Da Caracalla a Villa Pamphilij. Il prog a Roma sull’onda di Woodstock
- Autore: Anna Bisceglie
- Genere: Musica
- Anno di pubblicazione: 2013
Mettiamola così: a un certo punto degli anni Sessanta una strana cometa taglia in due il cielo di Roma (ma non solo) così che tutto cambia e niente e nessuno è come prima (a parte i soliti reazionari & benpensanti). Cominciano i giovani: sognano California, Carnaby Street, impazziscono per i Beatles, si fanno crescere i capelli, uccidono i padri (freudianamente parlando), non sempre e non solo in quest’ordine, equamente divisi tra chi parla, chi canta, chi ascolta, chi balla, chi fa musica, in ordine sparso tra Piper, cantine e i raduni pop che germinano ovunque, più o meno come funghi. Si inaugura in questo modo - a passo danzerino e a ritmo di rock - la stagione breve delle grandi utopie (peace & love), prologo spensierato a quella greve degli anni di piombo, che seguirà di lì a molto poco.
Giovani leoni delle sette note crescono nel frangente - chitarre-basso-batteria di mutuazione post-beat e testa già nel prog -, si fanno le ossa, su e giù da un palco e per la Penisola, come compenso quattro lire o poco più. Si chiamano Osage Tribe, Osanna, Banco, Pooh, New Trolls e in mille altri modi, persino improbabili. Alcuni di loro sono già le stelle autoctone dei megaconcerti pop, da Caracalla a Villa Pamphilij (per restare nell’alveo romano), come dire le Woodstock de noantri ma con identica serietà d’intenti: folle oceaniche, prezzi contenuti, la musica che diventa cosa seria e riesce ancora a resistere ai richiami, invero sempre più pressanti, della politica.
Si intitola proprio “Da Caracalla a Villa Pamphilij. Il prog a Roma sull’onda di Woodstock” (Aerostella, 2013) la ricognizione che la brava Anna Bisceglie compie sul tempo della sostenibile leggerezza dell’essere e della sua colonna sonora, una ricostruzione serissima e apprezzabile per almeno tre motivi:
- 1) perché risulta curata sin nei dettagli;
- 2) perché è anche un’indagine di costume;
- 3) perché Anna Bisceglie non ha smanie da protagonista (evviva!) e lascia la parola quasi esclusivamente ai protagonisti di quegli anni senza fiato (per dirla con i Pooh).

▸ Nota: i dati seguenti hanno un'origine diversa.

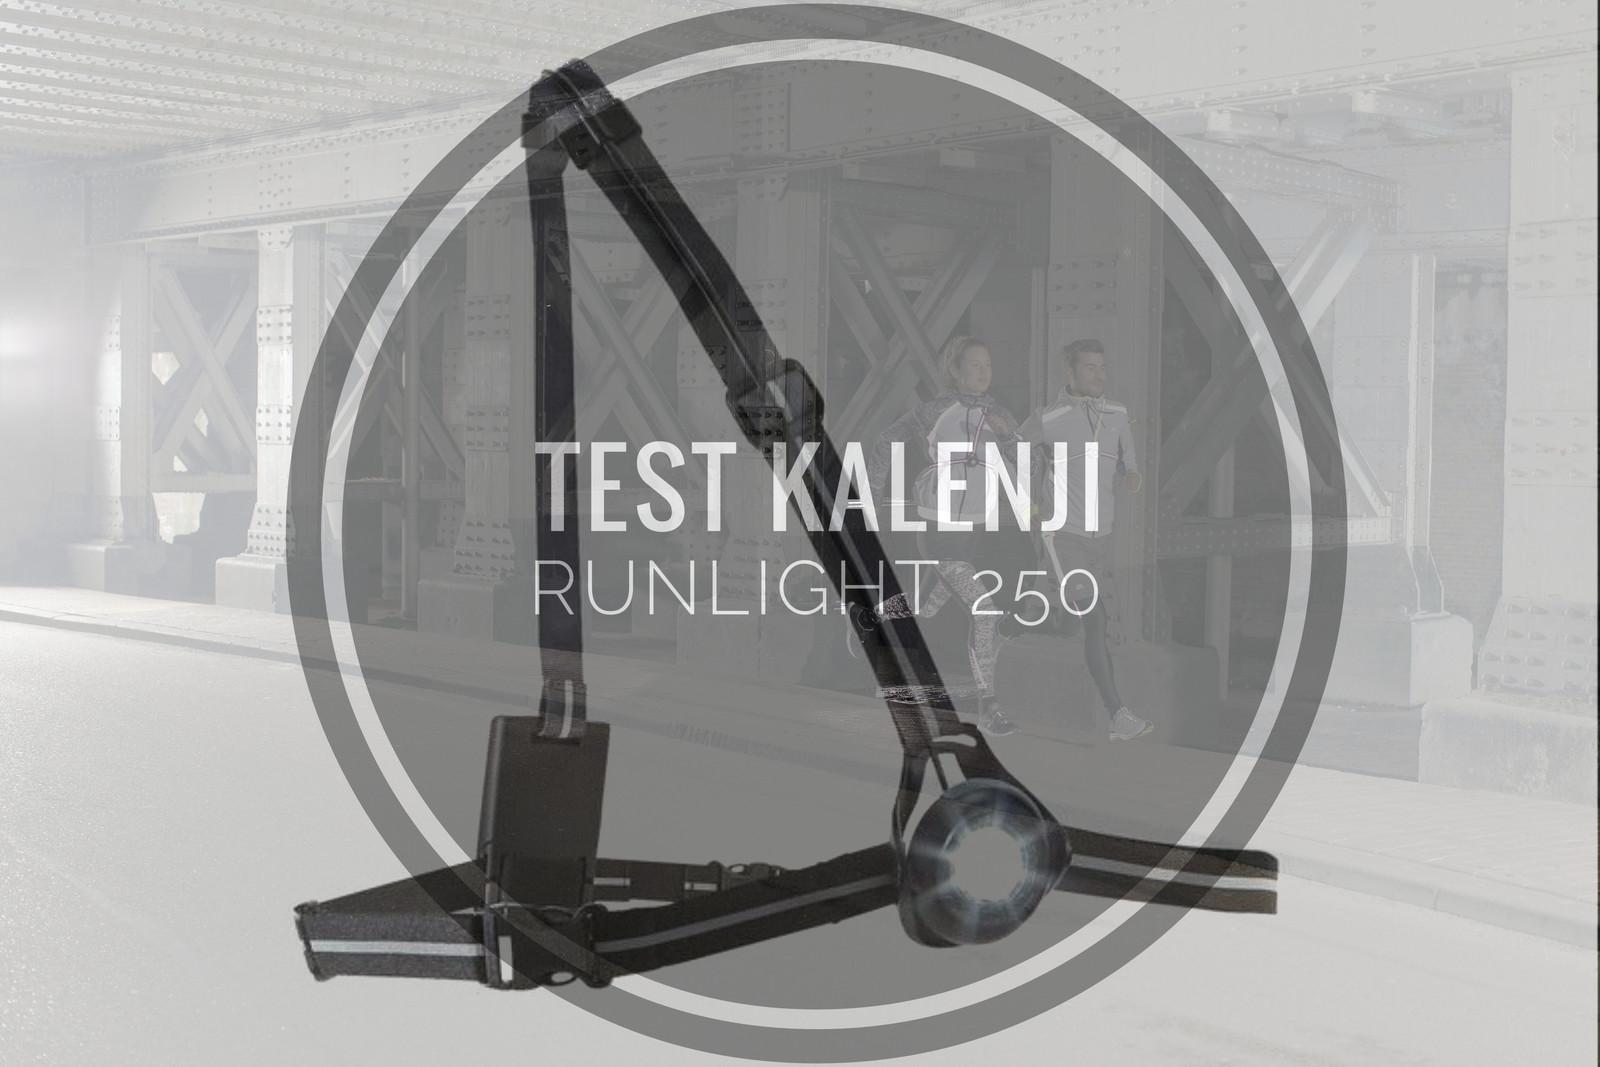 Test Light Run De Kalenji La 250 sBdxtChorQ

Come in un ideale flash back collettivo si alternano, così, pagina dopo pagina, i diversi “come eravamo” di Stefano D’Orazio, Roby Facchinetti, Claudio Simonetti, Francesco Di Giacomo, Gianni Belleno e di tantissimi altri, attori e comprimari dell’onda anomala progressive made in Italy, manager e organizzatori di eventi compresi, tutti d’accordo su un punto: gli anni spartiacque tra i Sessanta e i Settanta del secolo scorso è mancato poco che “formidabili” lo fossero davvero. E non soltanto dal punto di vista musicale: c’era un mondo da ridisegnare con i colori della libertà e della fantasia e nessuno se ne stava con le mani in mano, si accontentava soltanto di guardare. L’estratto dalla prefazione di Stefano D’Orazio rende bene, in ultimo, l’idea di questo libro:
“Rileggere quel periodo attraverso il libro di Anna è tornare agli inizi di un avvincente viaggio, ritrovare quell’atmosfera di sana competizione, di creatività, di sperimentazione e di contaminazione, che facevano di ogni musicista l’involontario autore di un cambiamento culturale che avrebbe lasciato il segno”.